Он приезжает в Рим с большим опозданием, нарушив все сроки. Придется наверстывать упущенное время и работать, как всегда, очень быстро.
За два дня до рождества маэстро, импресарио и либреттист Джакомо Ферретти встречаются у церковного цензора. Чтобы потом не иметь неприятностей с властями, лучше сразу же договориться обо всем, прежде чем приняться за работу.
Нужно получить разрешение на либретто, которое поэт Гаэтано Росси из Венеции написал для Россини по мотивам какой-то французской пьесы — «Нинетта у короля» — и которое Ферретти согласился переделать в соответствии с требованиями цензуры.

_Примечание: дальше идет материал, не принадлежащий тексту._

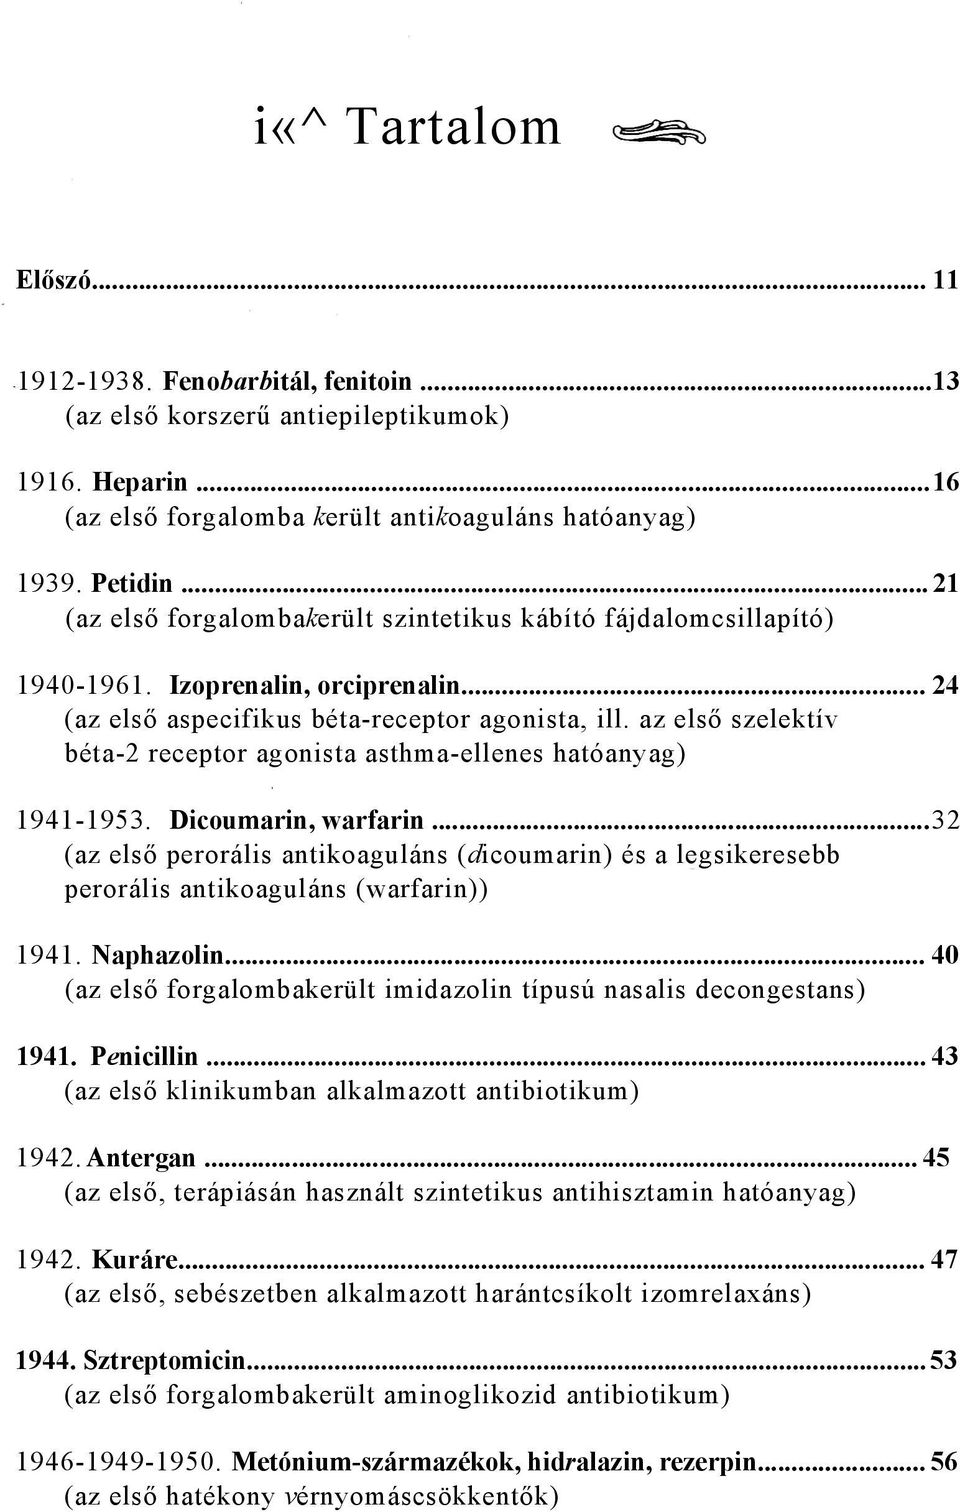 az első szelektív béta-2 receptor agonista asthma-ellenes hatóanyag) 1941-1953. Dicoumarin, warfarin.

Но цензура находит (и «справедливо», считает Россини, «потому что иногда и цензура бывает права»), что фарс слишком вульгарен и непристоен и показывать его нельзя. Нужно искать что-то другое.
Приятная неожиданность, особенно при такой спешке!
Ну-ка, Ферретти, неужели у тебя не найдется в голове ни одной хорошей идеи? Как не найдется! У него наготове сразу тридцать оперных сюжетов — выбирайте! Но Россини отвергает ее. Они снова собираются в доме импресарио в палаццо Капраника в Сант-Андреа делла Валле, где гостем остановился Россини.
Композитор, либреттист и импресарио ломают головы, придумывая сюжет для либретто. Чтобы лучше сосредоточиться, Россини даже растянулся на кровати. И друзья вдруг слышат, как он храпит. Хорошо сосредоточился. Да, он уснул, и только потому, что ни один из предлагаемых сюжетов его не устраивает.